Exercise ▸ The copy must hold every line from the one with "A dry dock ship" through the end of the listing, word for word, and must hold no pictures.

Supplied information ▸
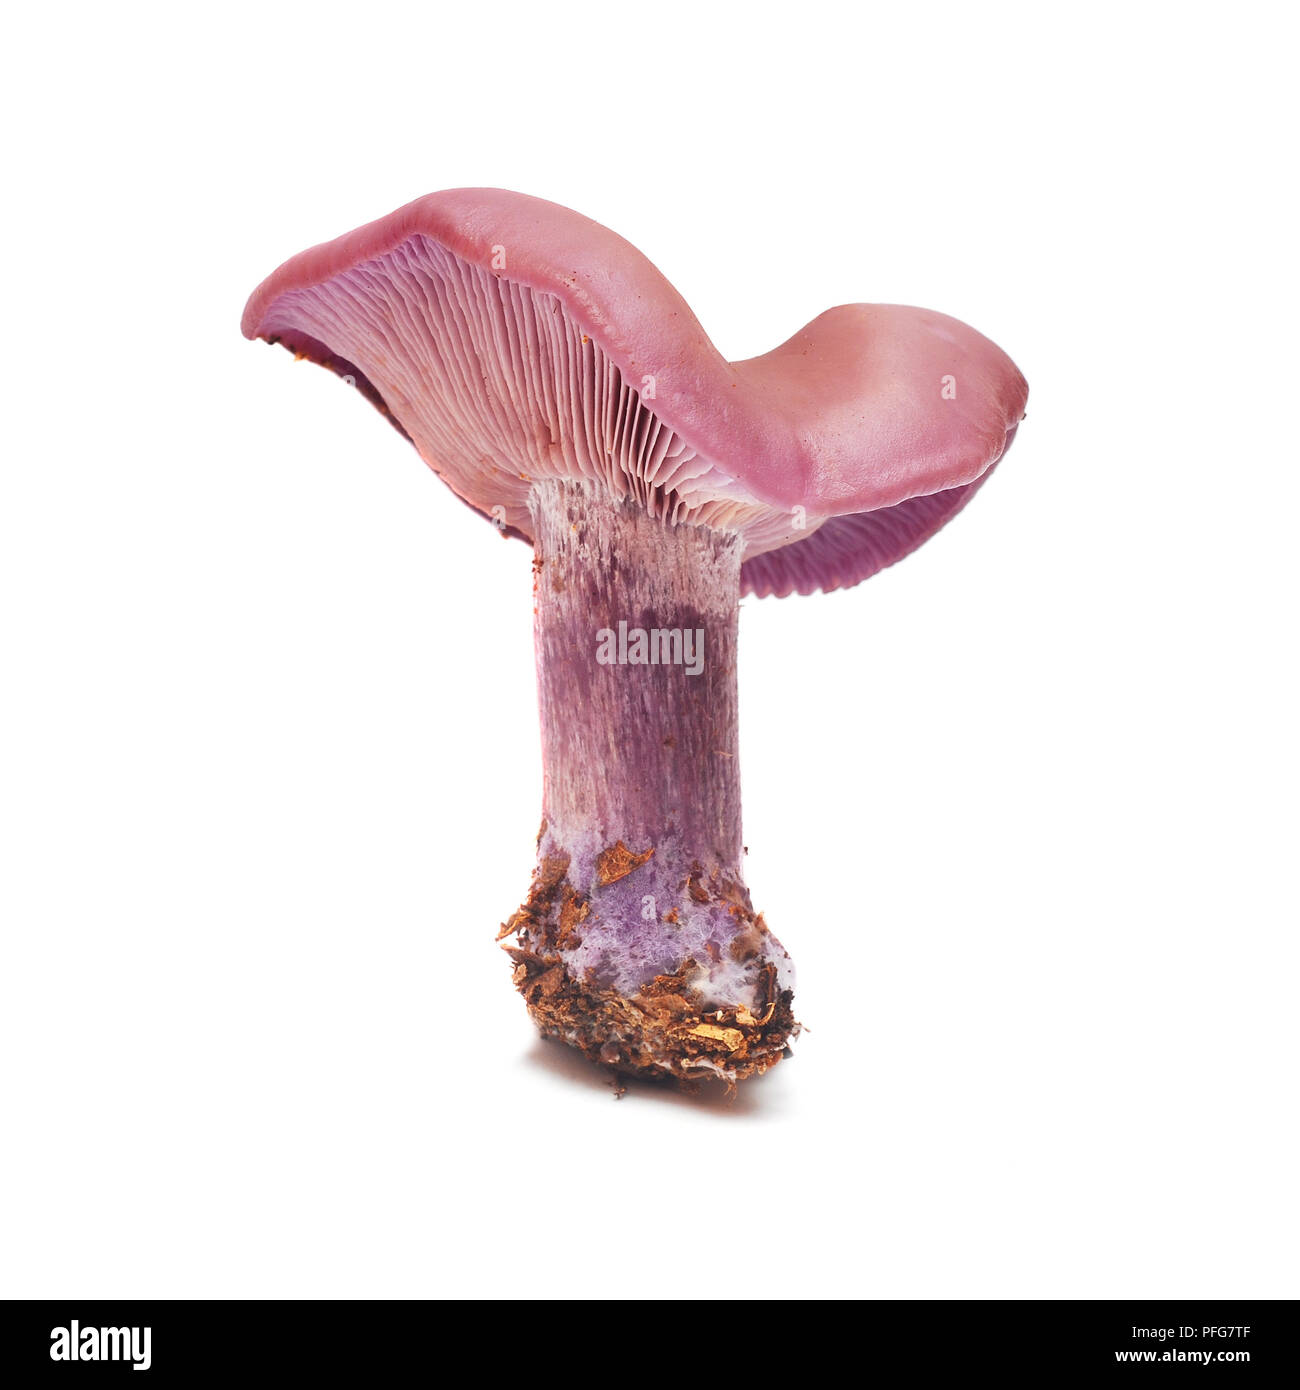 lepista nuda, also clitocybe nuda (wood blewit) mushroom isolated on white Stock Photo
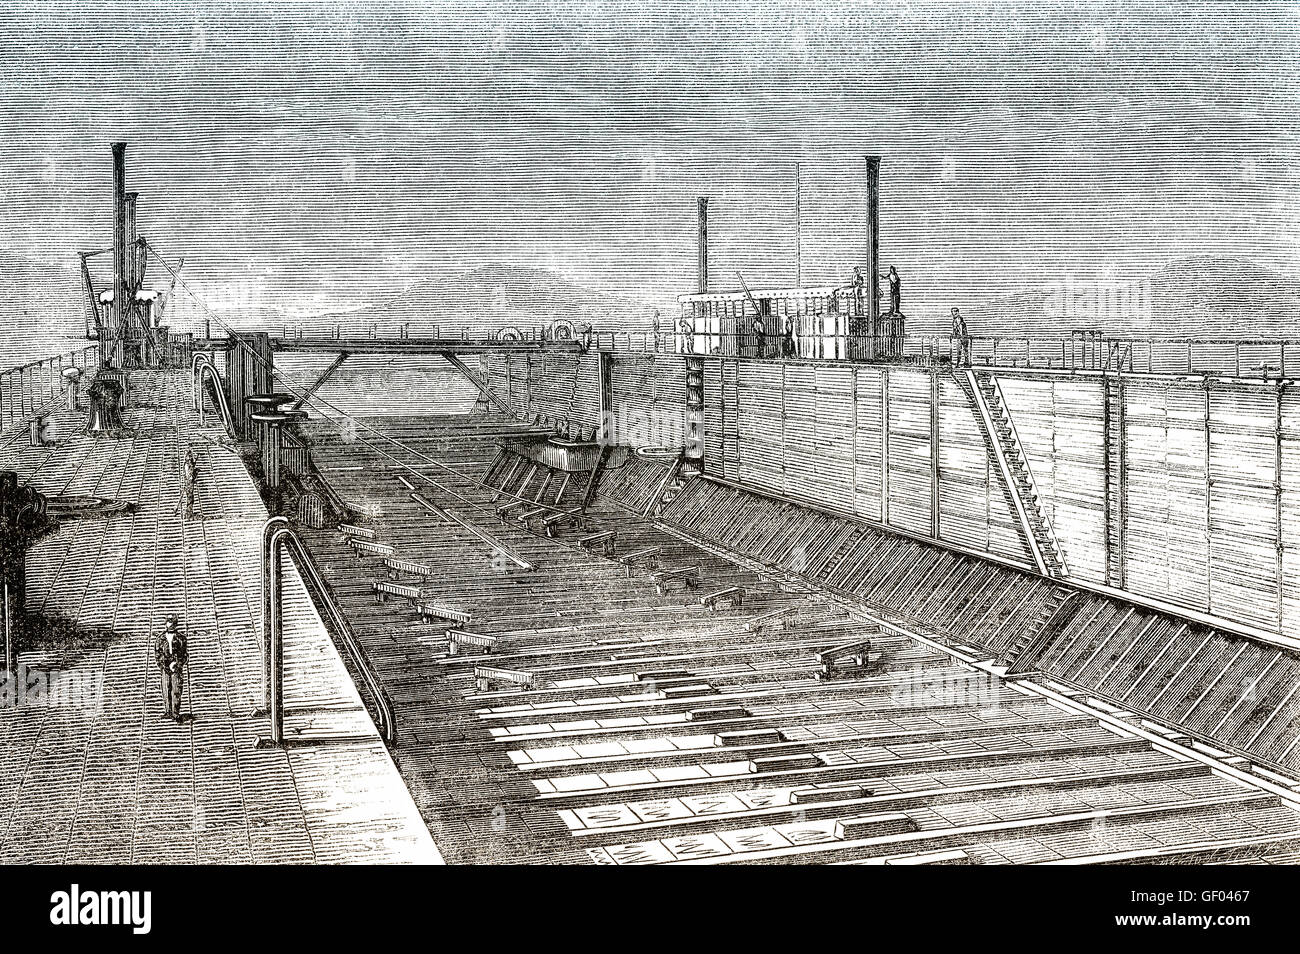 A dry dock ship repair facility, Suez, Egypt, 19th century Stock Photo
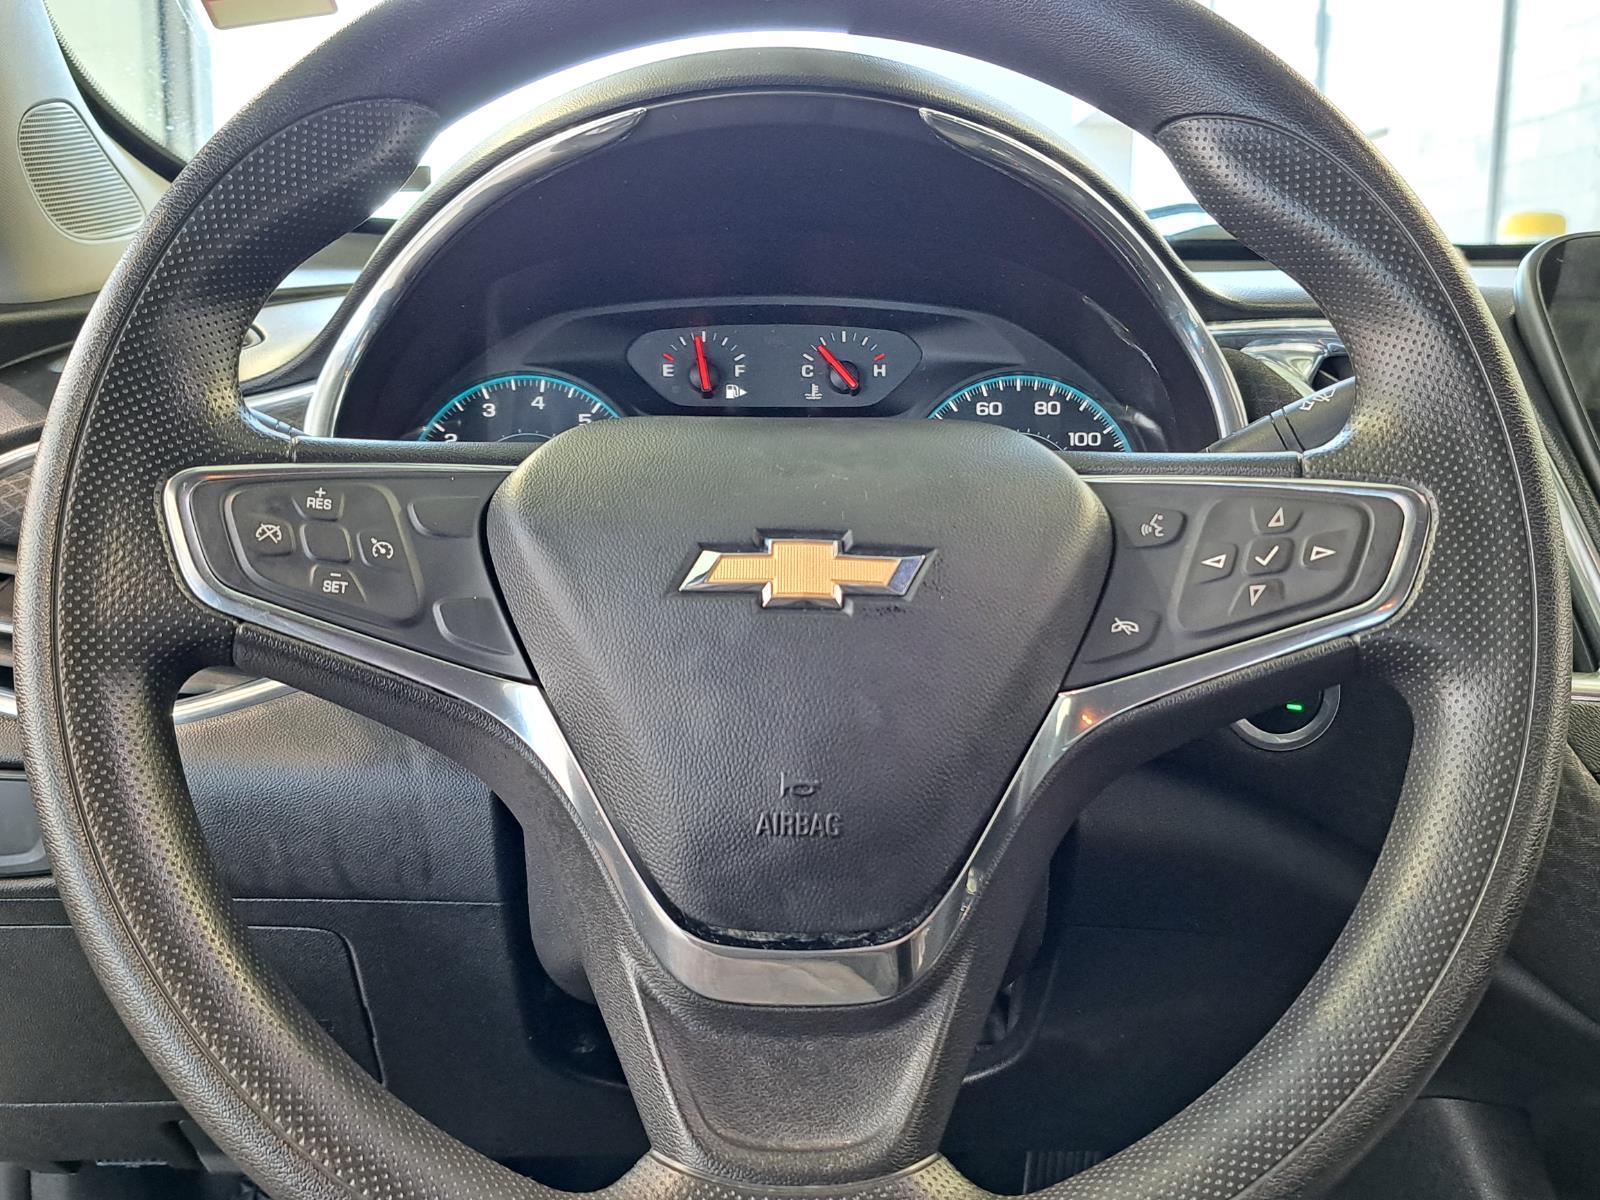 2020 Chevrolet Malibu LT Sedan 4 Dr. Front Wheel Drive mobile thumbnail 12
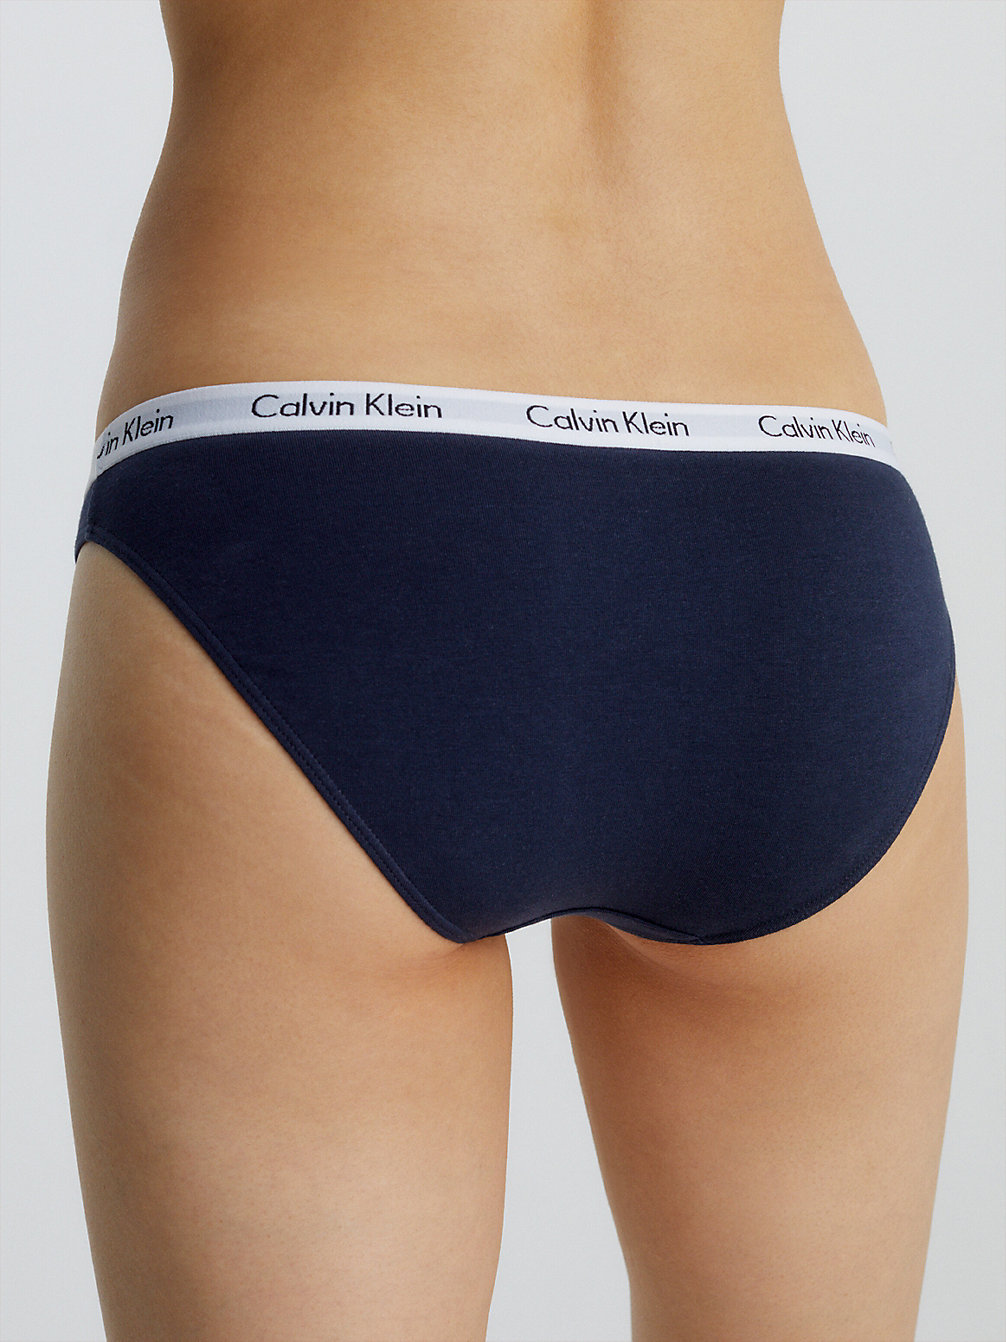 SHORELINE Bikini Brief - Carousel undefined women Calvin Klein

Task answer ▸
 A dry dock ship repair facility, Suez, Egypt, 19th century Stock Photo
 2020 Chevrolet Malibu LT Sedan 4 Dr. Front Wheel Drive mobile thumbnail 12
 SHORELINE Bikini Brief - Carousel undefined women Calvin Klein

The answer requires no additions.